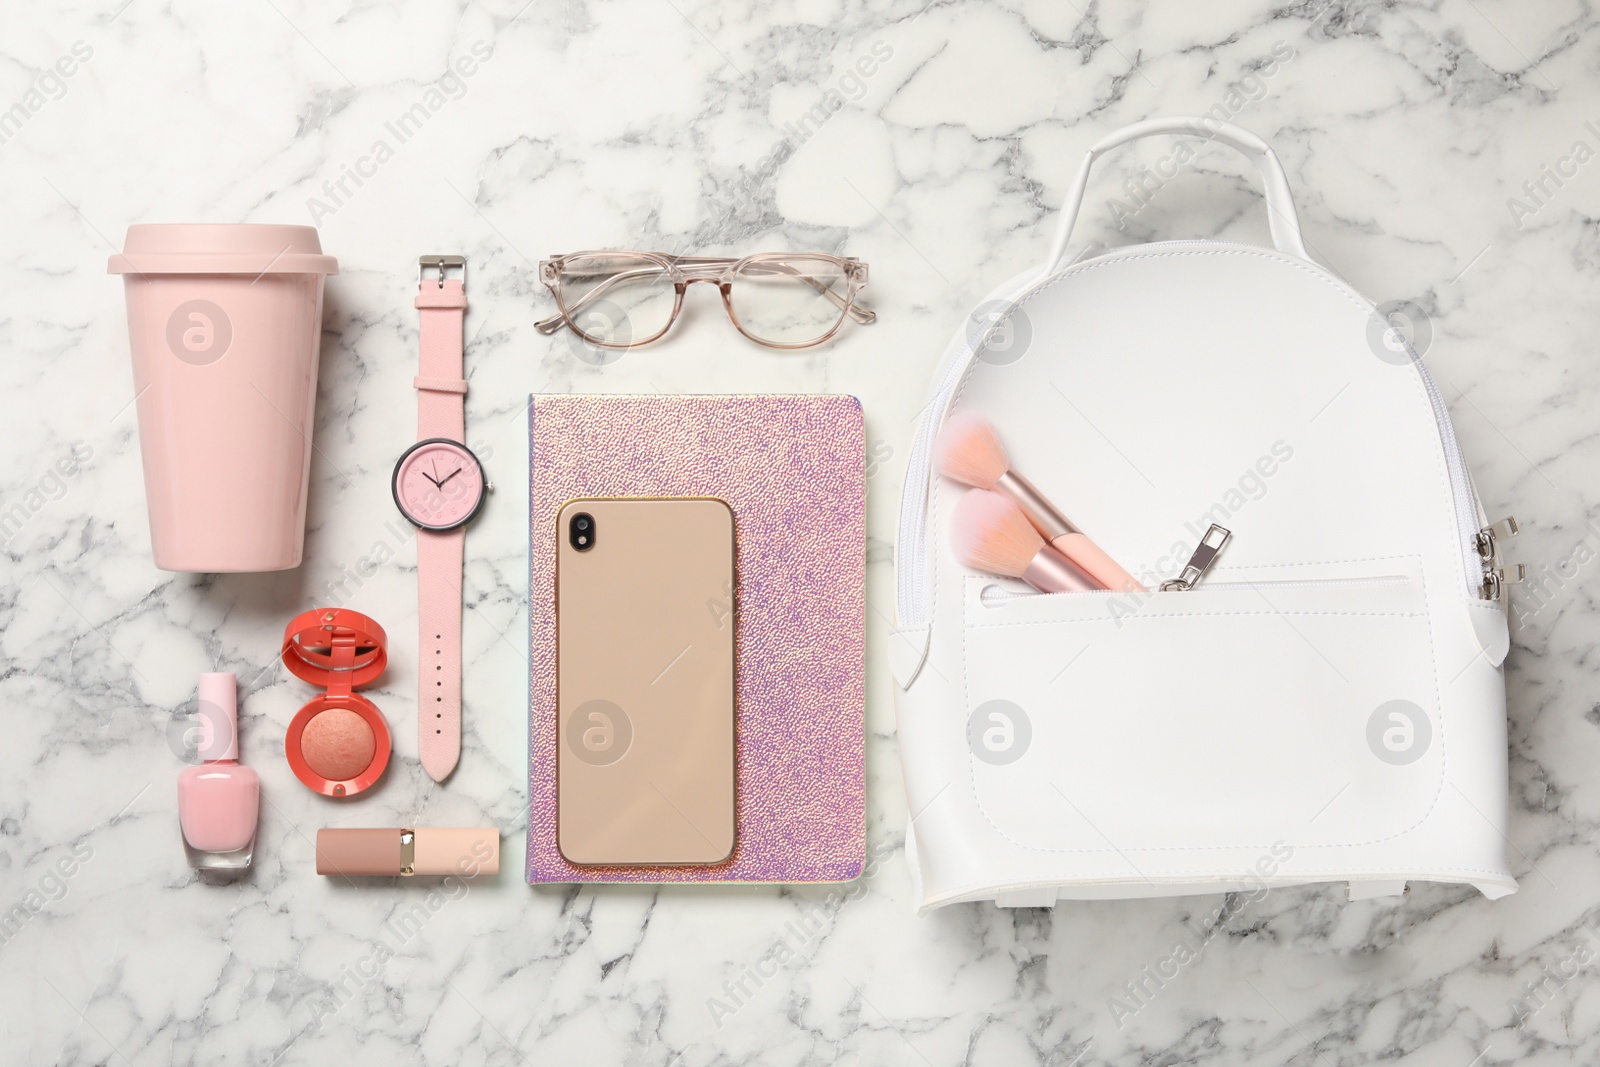 Photo of Stylish urban backpack and different items on white marble table, flat lay
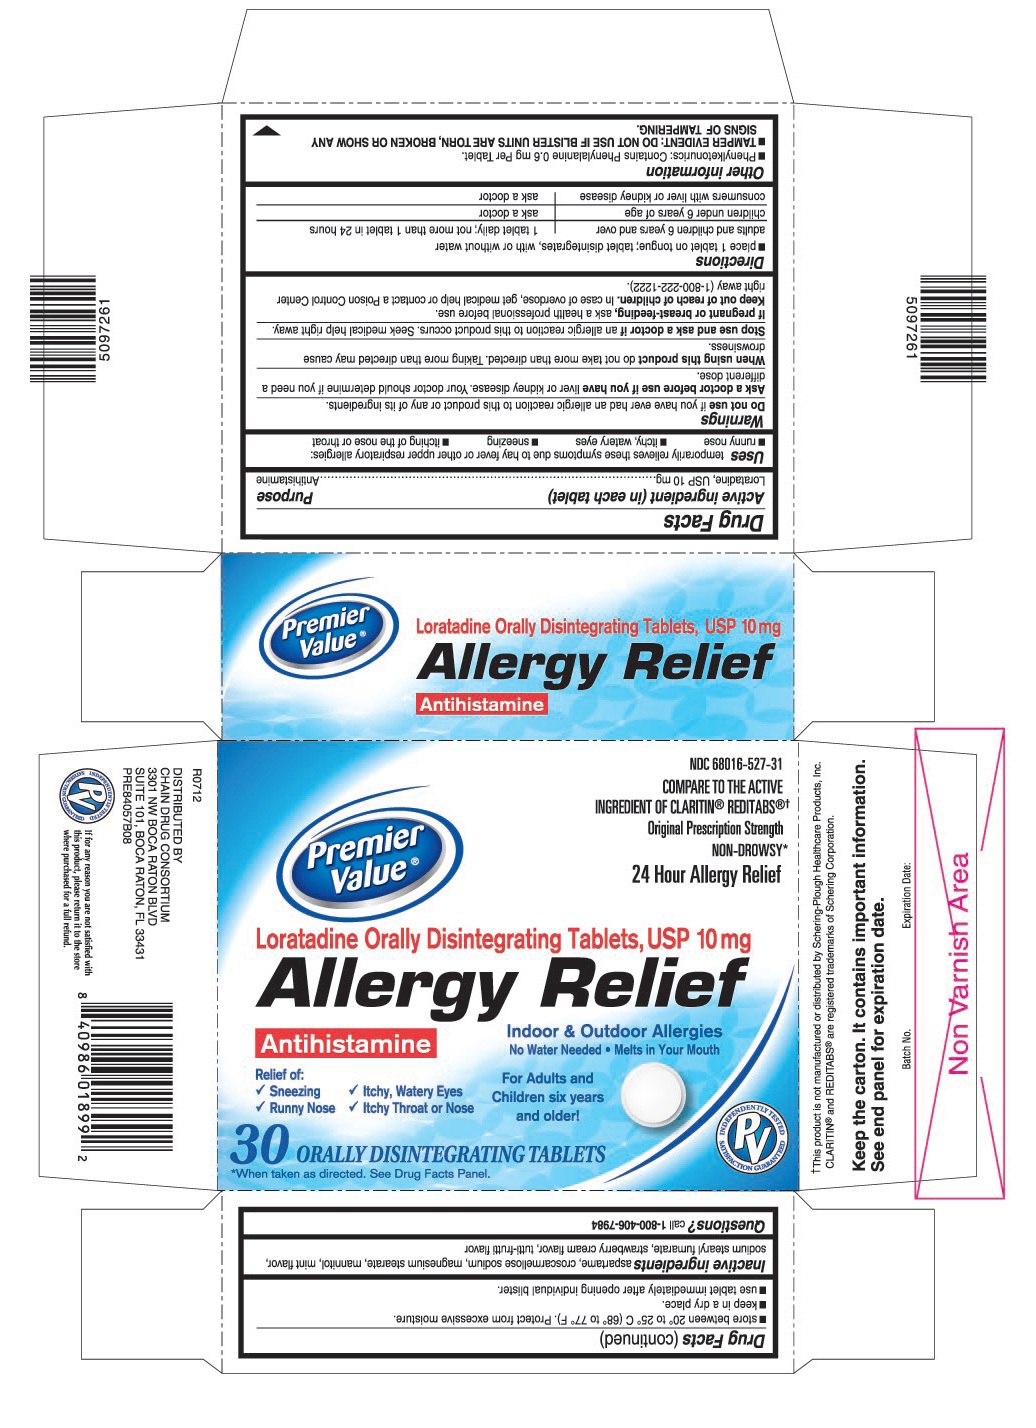 This is the 30 count blister carton label for Premier Value Loratadine ODT, USP 10 mg.
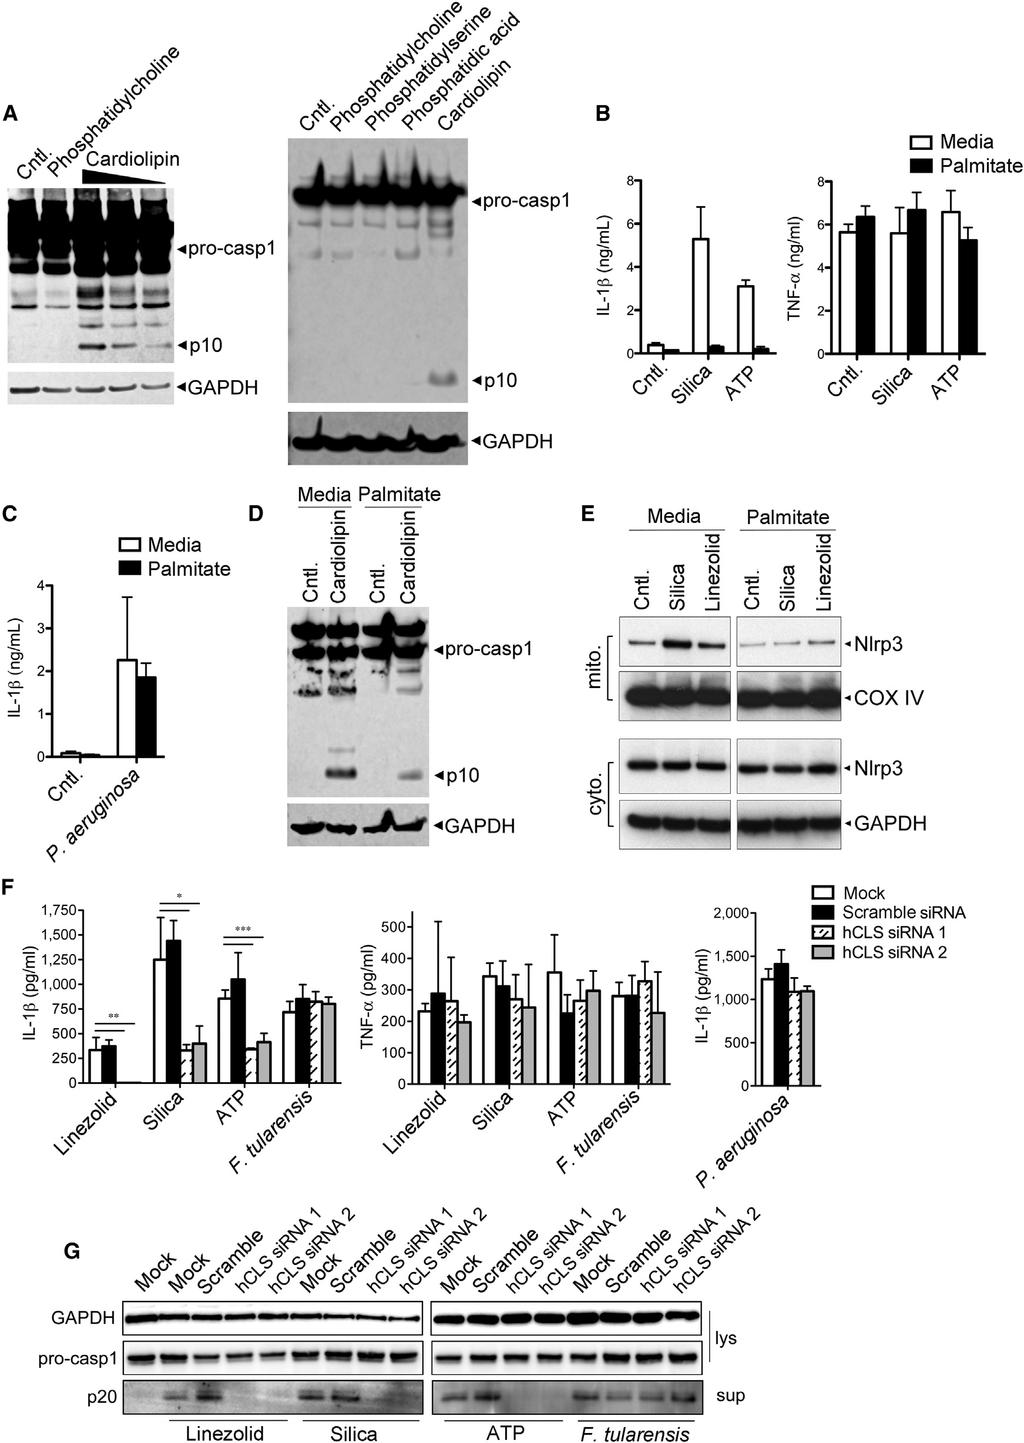 Figure 6. Cardiolipin Is Required and Sufficient for Nlrp3 Inflammasome Activation (A) LPS-primed J774A.
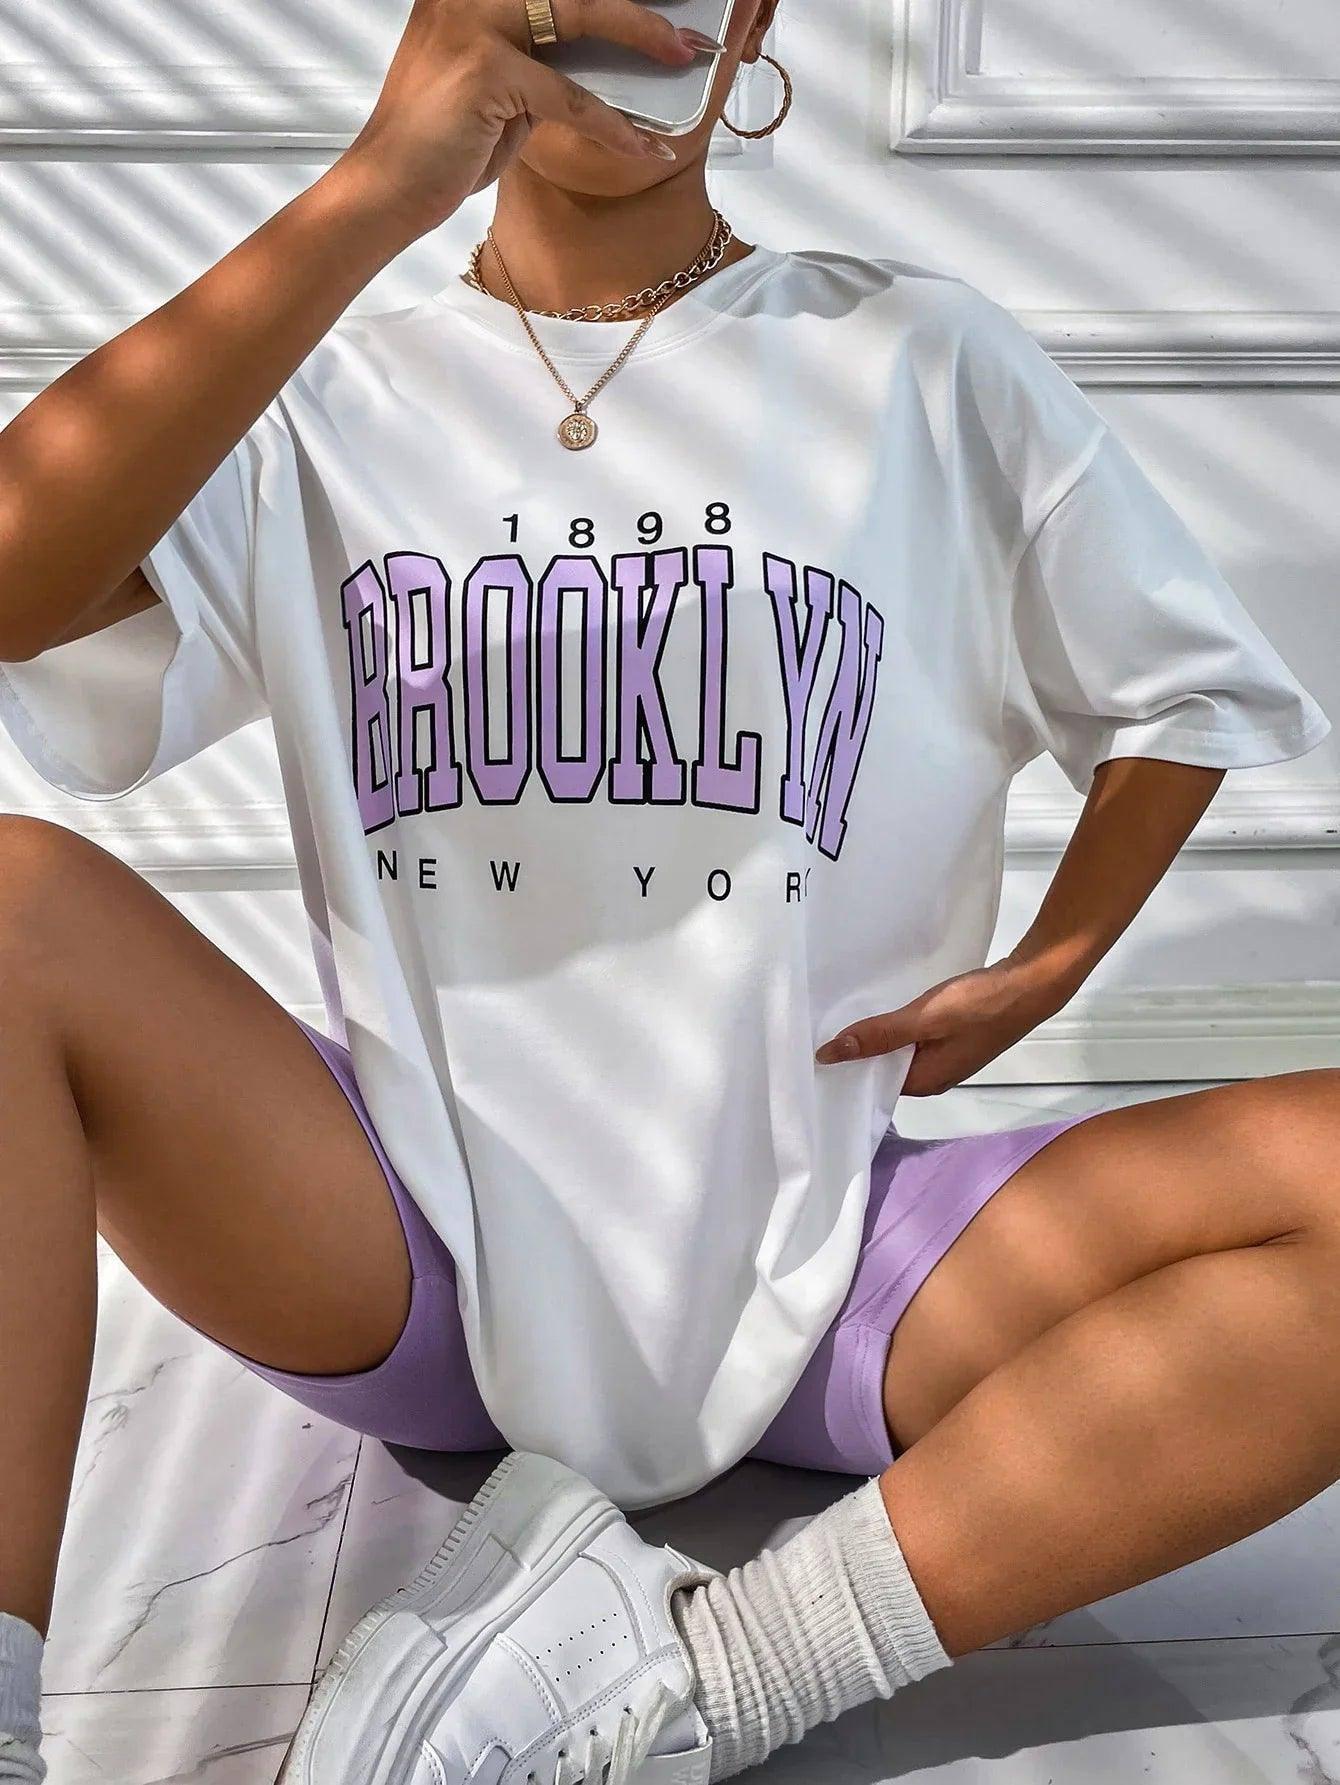 Vintage 1898 Brooklyn New York Womens T-Shirts Oversize-S18345-White-4

WHAT YOU SHOULD DO: Please print the span that begins at the line holding "Figure 6. Cardiolipin" and ends at the last line of the data, both ends included, with no pictures.

COMPLETED EXERCISE:
 Figure 6. Cardiolipin Is Required and Sufficient for Nlrp3 Inflammasome Activation (A) LPS-primed J774A.
 Vintage 1898 Brooklyn New York Womens T-Shirts Oversize-S18345-White-4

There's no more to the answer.